_TASK STATEMENT:_
Return the data below exactly, please, but drop the pictures.

_DATA BELOW:_

----------------------------------------

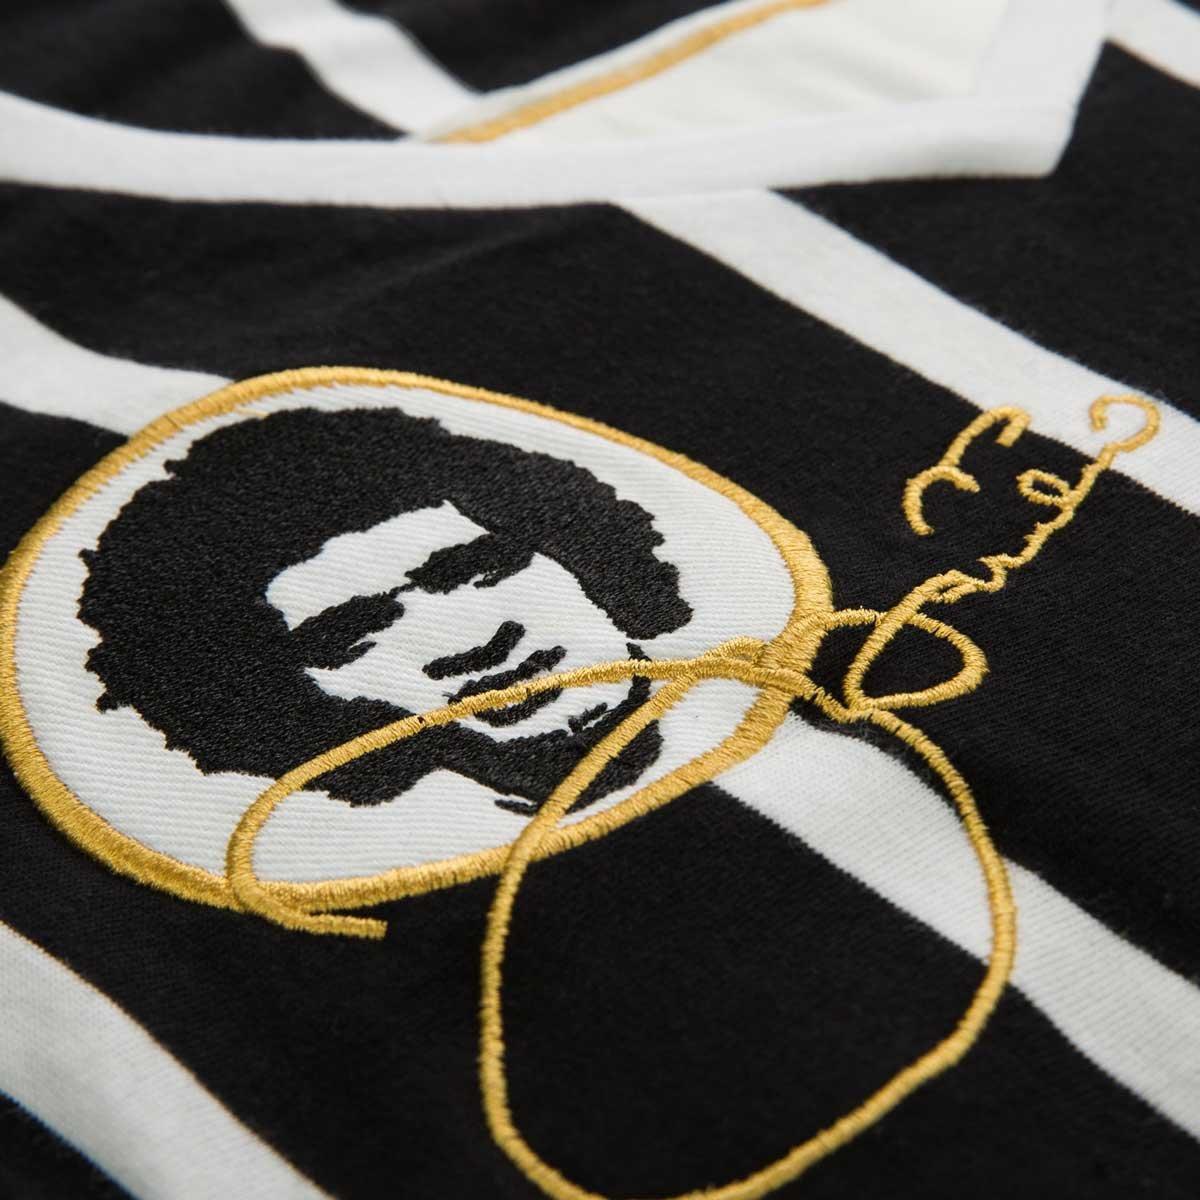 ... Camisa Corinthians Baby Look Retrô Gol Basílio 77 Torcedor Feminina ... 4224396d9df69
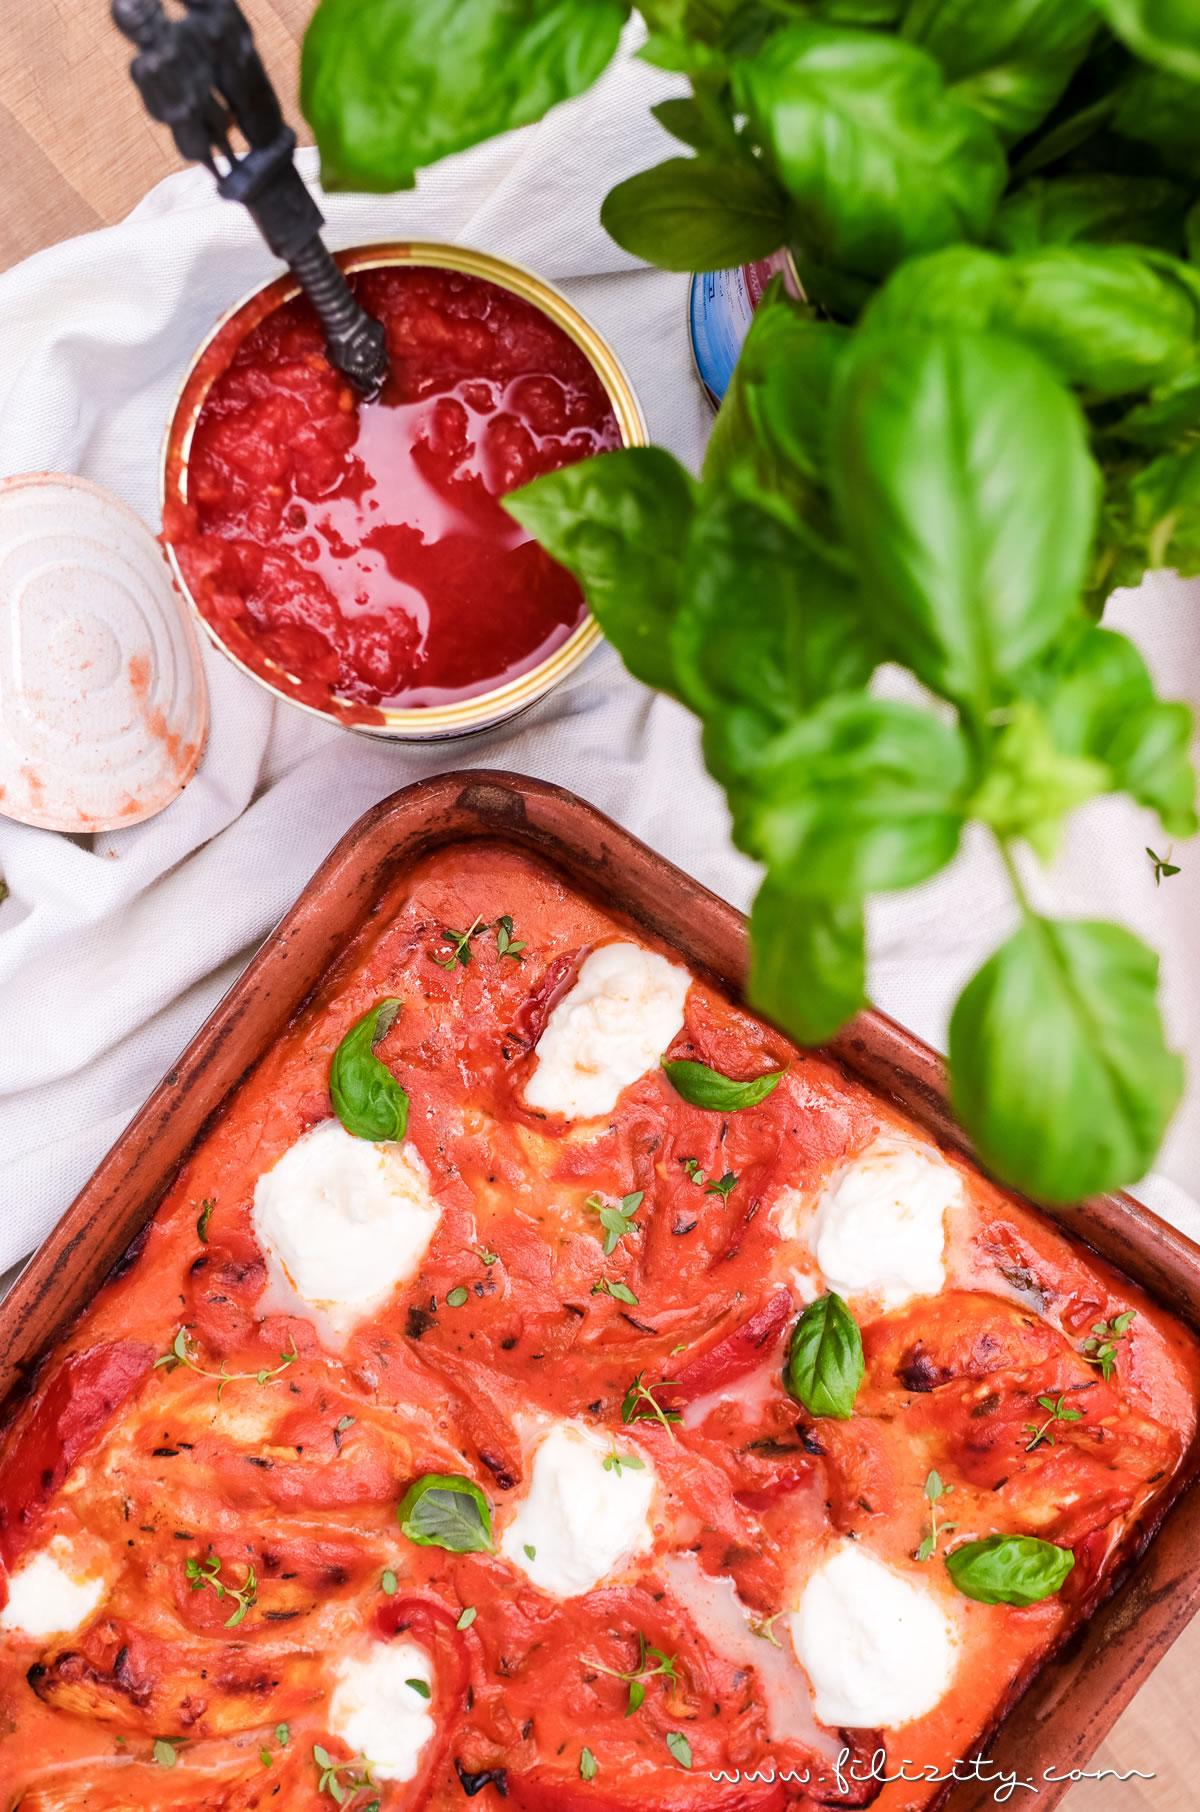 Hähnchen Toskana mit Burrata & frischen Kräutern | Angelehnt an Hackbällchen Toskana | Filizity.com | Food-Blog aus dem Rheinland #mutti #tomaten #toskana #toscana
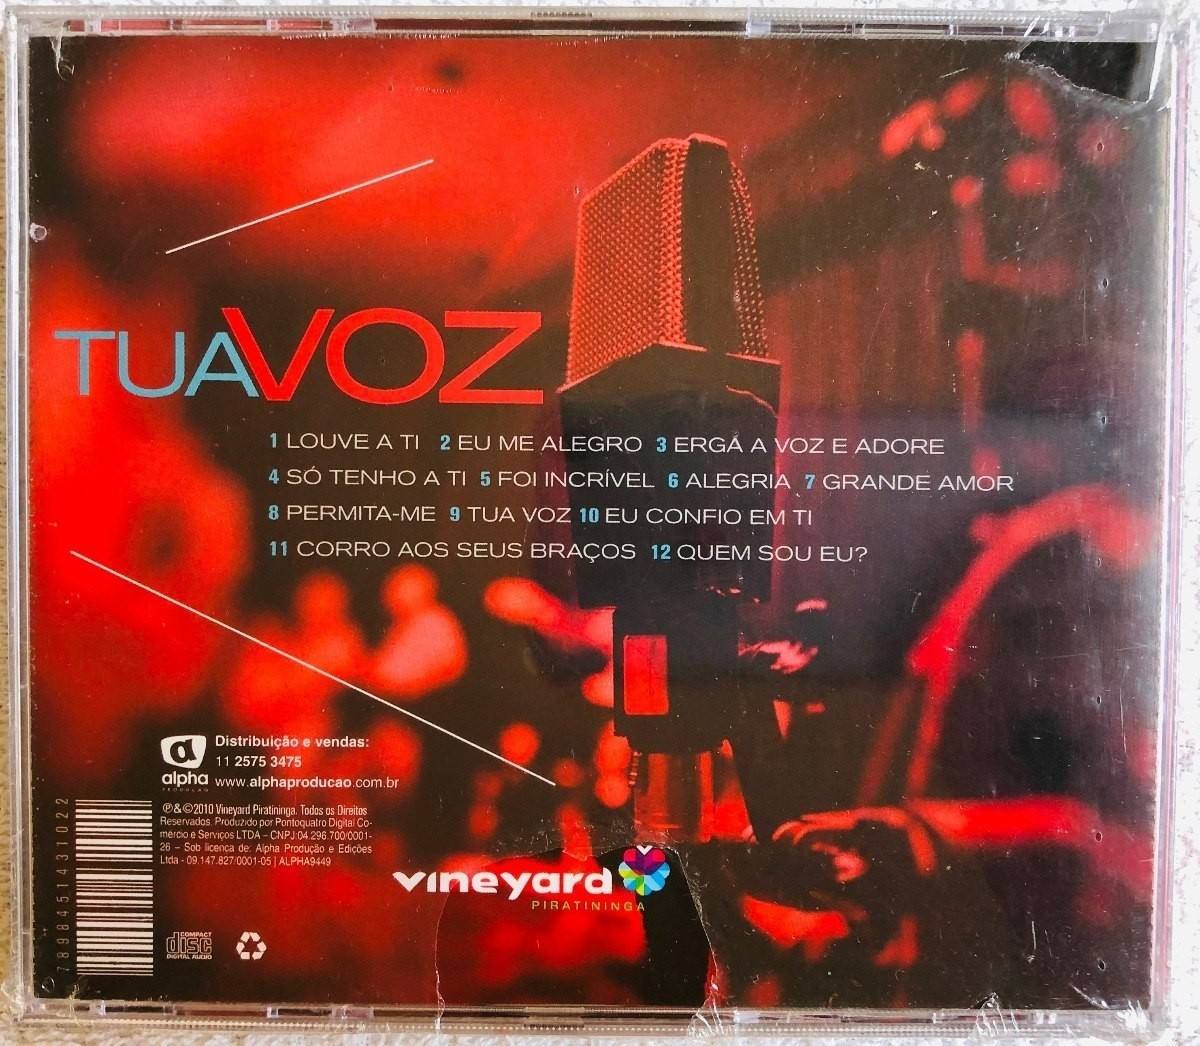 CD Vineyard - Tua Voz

----------------------------------------

_YOUR SOLUTION:_
 ... Camisa Corinthians Baby Look Retrô Gol Basílio 77 Torcedor Feminina ... 4224396d9df69
 Hähnchen Toskana mit Burrata & frischen Kräutern | Angelehnt an Hackbällchen Toskana | Filizity.com | Food-Blog aus dem Rheinland #mutti #tomaten #toskana #toscana
 CD Vineyard - Tua Voz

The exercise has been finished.